MDMHPCoreData
MDMHPCoreData copied to clipboard
Duplicate insert
I am getting duplicate inserts when I have a data set like this:
{ "guid":"a"},
{ "guid":"c"},
Followed by an import on data set like this:
{"guid":"a"},
{"guid":"b"},
{"guid":"c"},
After the first data set is inserted (just a and c) we try to import a new json set with a,b,c:
try to fetch objects a,b,c from managedObjectContext
return objects a,c
compare a==a
update a
compare b==c
insert b
compare c==b
insert c
object c is then duplicated
Updated with actual ufo json:
First import this in ufo.json:
[
{"description": "Man repts. witnessing "flash, followed by a classic UFO, w/ a tailfin at back." Red color on top half of tailfin. Became triangular.", "reported_at": "19951009", "shape": "", "location": "Iowa City, IA", "duration": "", "sighted_at": "19951009", "guid": "a"},
{"description": "Telephoned Report:CA woman visiting daughter witness discs and triangular ships over Squaxin Island in Puget Sound. Dramatic. Written report, with illustrations, submitted to NUFORC.", "reported_at": "19950103", "shape": "", "location": "Shelton, WA", "duration": "", "sighted_at": "19950101", "guid": "c"},
]
Stop the app then update ufo.json to this and import:
[
{"description": "Man repts. witnessing "flash, followed by a classic UFO, w/ a tailfin at back." Red color on top half of tailfin.

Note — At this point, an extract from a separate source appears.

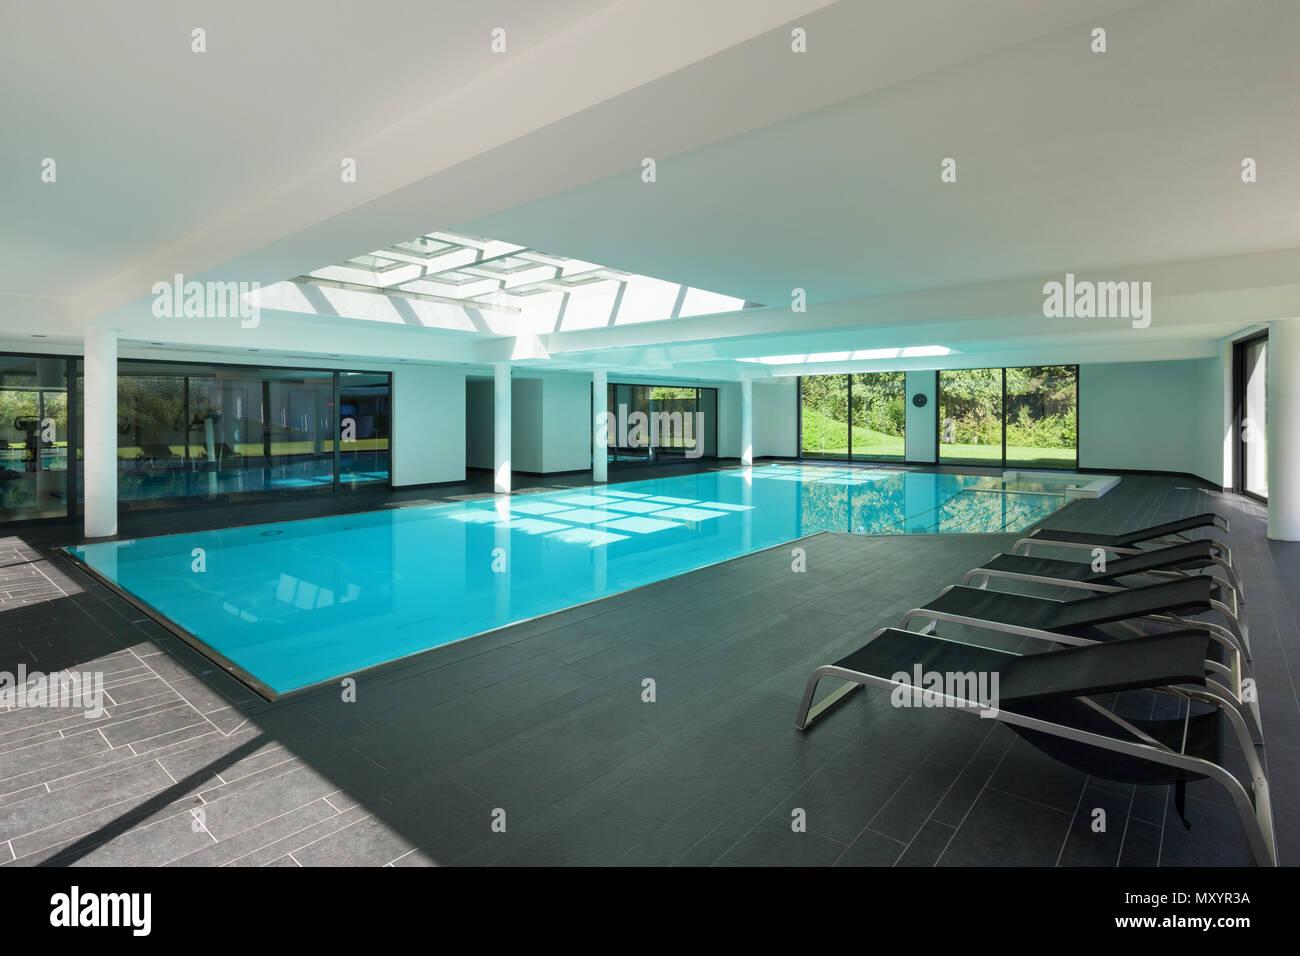 Piscina interna di una casa moderna con spa Foto & Immagine Stock ...

Became triangular.", "reported_at": "19951009", "shape": "", "location": "Iowa City, IA", "duration": "", "sighted_at": "19951009", "guid": "a"},
{"description": "Man on Hwy 43 SW of Milwaukee sees large, bright blue light streak by his car, descend, turn, cross road ahead, strobe. Bizarre!", "reported_at": "19951011", "shape": "", "location": "Milwaukee, WI", "duration": "2 min.", "sighted_at": "19951010", "guid": "b"},
{"description": "Telephoned Report:CA woman visiting daughter witness discs and triangular ships over Squaxin Island in Puget Sound. Dramatic. Written report, with illustrations, submitted to NUFORC.", "reported_at": "19950103", "shape": "", "location": "Shelton, WA", "duration": "", "sighted_at": "19950101", "guid": "c"},
]
@HarrisonJackson I don't understand the problem. Are you saying the import code is broke as it is allowing duplicates? Pull requests are welcome.
Yes, that's what I am saying. It seems as if the intention of the find or create method is to find an existing record, so that a duplicate is not inserted, but there are cases the way it is written where a duplicate could be created.
I was actually reporting the issue because I hoped you had an idea of how to fix it haha. The fastest and definitely dirtiest fix is to change the MDM_BATCH_SIZE_IMPORT
from 5000
to 1
. Obviously that wastes many of the other optimizations. After fiddling with it a bit, I found it takes an import that took ~2 seconds to about ~5 seconds. Not ideal, but in my case it was better than allowing duplicates. If I find a cleaner way I will submit a PR.
The project and associated write up are excellent - thanks for putting them out there.